EdgeMLBalancer: A Self-Adaptive Approach for Dynamic Model Switching on Resource-Constrained Edge Devices
Akhila Matathammal, Kriti Gupta, Larissa Lavanya, Ananya Vishal Halgatti, Priyanshi Gupta, Karthik Vaidhyanathan
TL;DR
EdgeMLBalancer addresses the challenge of running real-time AI on resource-constrained edge devices by enabling self-adaptive, CPU-aware switching between multiple object-detection configurations. It integrates a MAPE-K feedback loop with an epsilon-greedy planner to select among models in real time, balancing accuracy and computational load. Empirical evaluation on real-world Indian traffic data demonstrates improved inference accuracy and resource efficiency, along with fair model usage and modest switching overhead. The work offers a practical, on-device adaptive framework for dynamic workload management in edge AI systems, with potential extensions to other devices and hybrid edge-cloud setups.
Abstract
The widespread adoption of machine learning on edge devices, such as mobile phones, laptops, IoT devices, etc., has enabled real-time AI applications in resource-constrained environments. Existing solutions for managing computational resources often focus narrowly on accuracy or energy efficiency, failing to adapt dynamically to varying workloads.

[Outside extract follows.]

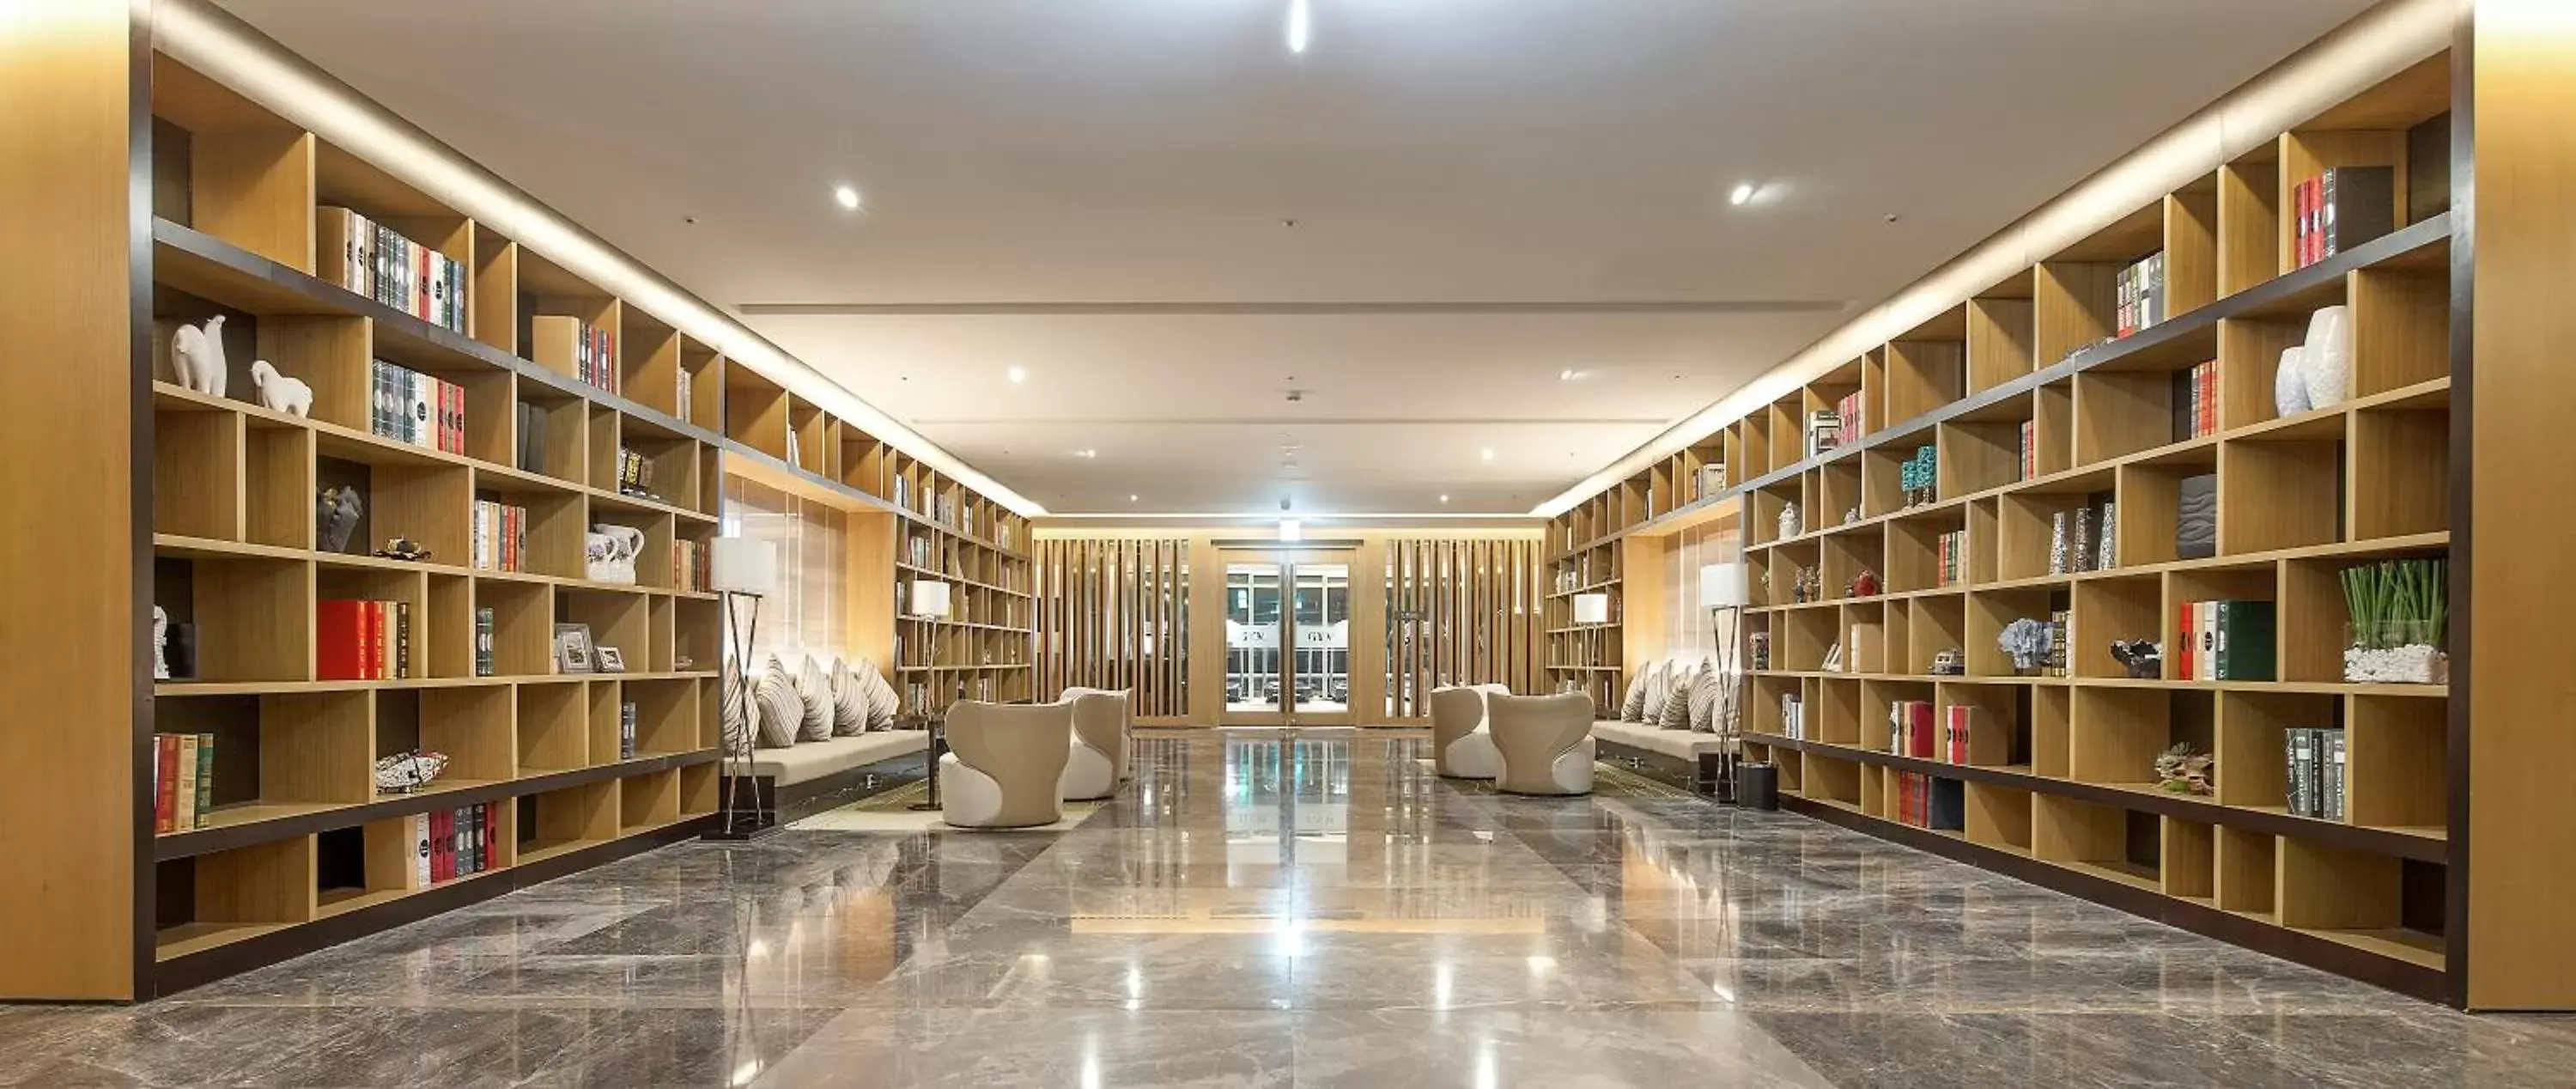 Fitness centre/facilities, Library in Lotte Hotel Hanoi

Furthermore, the existing system lack robust mechanisms to adaptively balance CPU utilization, leading to inefficiencies in resource-constrained scenarios like real-time traffic monitoring. To address these limitations, we propose a self-adaptive approach that optimizes CPU utilization and resource management on edge devices. Our approach, EdgeMLBalancer balances between models through dynamic switching, guided by real-time CPU usage monitoring across processor cores. Tested on real-time traffic data, the approach adapts object detection models based on CPU usage, ensuring efficient resource utilization. The approach leverages epsilon-greedy strategy which promotes fairness and prevents resource starvation, maintaining system robustness. The results of our evaluation demonstrate significant improvements by balancing computational efficiency and accuracy, highlighting the approach's ability to adapt seamlessly to varying workloads. This work lays the groundwork for further advancements in self-adaptation for resource-constrained environments.